Give a combinatorial proof of the following identity: $$\binom{3n}{3} =3\binom{n}{3} +6n\binom{n}{2} +n^3.$$
I've been working on this proof for hours, however I'm not able to show LHS = RHS- I completely understand binomial theorem and few combinatorial proofs but not able to succeed this one. Help would be appreciated.
On
$${3n\choose3}=3{n\choose3}+6n{n\choose2}+n^3$$$$\frac12n\cdot(3n-1)\cdot(3n-2)=\frac12n\cdot(n-1)\cdot(n-2)+3n^2\cdot(n-1)+n^3$$Can you take it from here?
On
Brute force:
$27n^{3} - 27n^{2}+ 6n = 27n^{3} - 27n^{2} + 6n$
$27n^{3} - 9n^{2} - 18n^{2} + 6n = 3n^{3} - 3n^{2} - 6n^{2} + 6n + 18n^{3} - 18n^{2} + 6n^{3}$
$(9n^{2} - 3n)(3n - 2) = (3n^{2} - 3n)(n - 2) + 18n^{2}(n-1) + 6n^{3}$
$3n(3n - 1)(3n - 2) = 3n(n - 1)(n - 2) + 3(6n)n(n-1) + 6n^{3}$
$3n(3n - 1)(3n - 2)/6 = 3n(n - 1)(n - 2)/6 + (6n)n(n-1)/2 + n^{3}$
$\binom{3n}{3} =3\binom{n}{3} +6n\binom{n}{2} +n^3$
On
$2!=2, 3!=6$, so:
$$\binom{3n}{3}=\frac n2(3n-1)(3n-2)$$ $$3\binom{n}{3}=\frac n2(n-1)(n-2)$$ $$6n\binom{n}{2}=3n^2(n-1)$$
I used that $$\frac{x!}{(x-a)!}=x^{\underline{x-a}}=\prod_{n=0}^{a-1}{(x-n)}$$
On
Notice that the LHS is:
$$\frac{3n \times (3n-1) \times (3n-2)}{3!} = \frac{n \times (3n-1) \times (3n-2)}{2}$$ $$\to \frac{9n^3-9n^2+2n}{2}$$
For the RHS:
$$3 \times \frac{n\times(n-1)\times(n-2)}{3!} + 6n \times \frac{n\times(n-1)}{2!} + \frac{2n^3}{2}$$
$$\Longrightarrow \frac{n\times(n-1)\times(n-2)}{2} + \frac{6n^2 \times(n-1)}{2} + \frac{2n^3}{2}$$
$$\to \frac{9n^3-9n^2+2n}{2}$$
Hence, RHS=LHS.
On
Let $A,B,C$ be the $3$ groups of $n$ students each with grades (marks) $A,B,C$, respectively. You need to select $3$ students.

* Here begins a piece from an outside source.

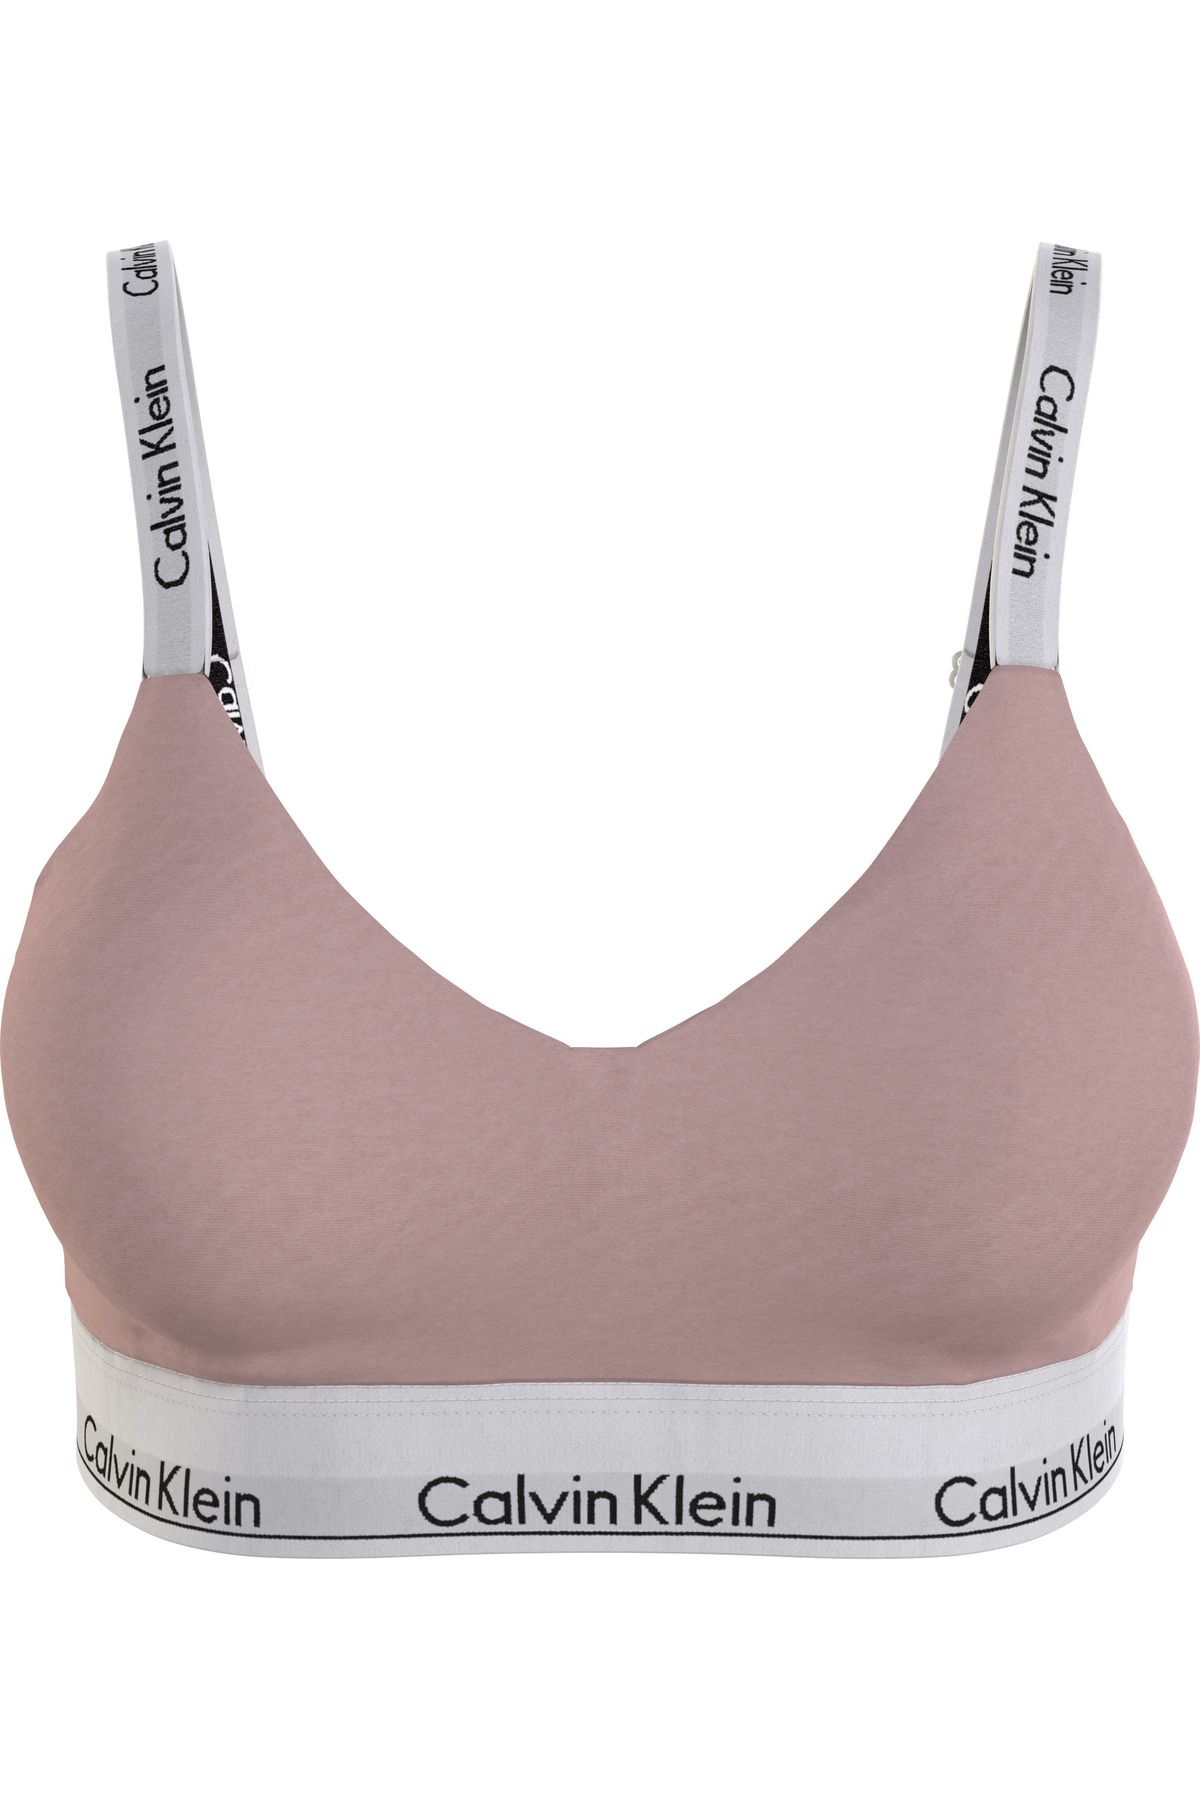 Calvin Klein Kadın Marka Logolu Elastik Bantlı Günlük Kullanıma Uygun Pudra Spor Sütyeni 000qf7059e-tqo

The LHS is simply the combination of $3n$ students chosen $3$ at a time.
The RHS is to choose $3,2,1$ or $0$ students from $A,B$ and $C$, respectively: $${n\choose 3}{n\choose 0}{n\choose 0}+{n\choose 2}{n\choose 1}{n\choose 0}+{n\choose 2}{n\choose 0}{n\choose 1}+{n\choose 1}{n\choose 2}{n\choose 0}+{n\choose 1}{n\choose 1}{n\choose 1}+\\ {n\choose 1}{n\choose 0}{n\choose 2}+{n\choose 0}{n\choose 3}{n\choose 0}+{n\choose 0}{n\choose 2}{n\choose 1}+{n\choose 0}{n\choose 1}{n\choose 2}+{n\choose 0}{n\choose 0}{n\choose 3}=\\ {n\choose 3}\cdot 1\cdot 1+{n\choose 2}\cdot n\cdot 1+{n\choose 2}\cdot 1\cdot n+n\cdot {n\choose 2}\cdot 1+n\cdot n\cdot n+\\ n\cdot 1\cdot{n\choose 2}+1\cdot{n\choose 3}\cdot1+1\cdot{n\choose 2}\cdot n+1\cdot n\cdot{n\choose 2}+1\cdot 1\cdot {n\choose 3}=\\ 3{n\choose 3}+6n{n\choose 2}+n^3.$$
Arrange $3n$ balls into 3 rows and each row contains $n$ balls.
There are $\binom{3n}{3}$ ways to select $3$ balls from them. We can group the seletions into $3$ categories:
Select one ball from each row. There are $n$ choices for each row, this contributes $n^3$ ways of pick the balls.
Select two balls from one row and one ball from another row. There are $3 \times 2 = 6$ ways to select the rows. Since there are $\binom{n}{2}$ ways to select two balls from a row and $n$ ways to select one ball from a row, this contributes $6 \binom{n}{2} n$ ways to pick the balls.
Select three balls from a single row. There are $3$ ways to select the row and $\binom{n}{3}$ ways to select three balls from that particular row. This contributes $3\binom{n}{3}$ ways.
These $3$ categories doesn't overlap and exhaust all possible ways to select three balls. As a result,
$$\binom{3n}{3} = n^3 + 6\binom{n}{2} n + 3\binom{n}{3}$$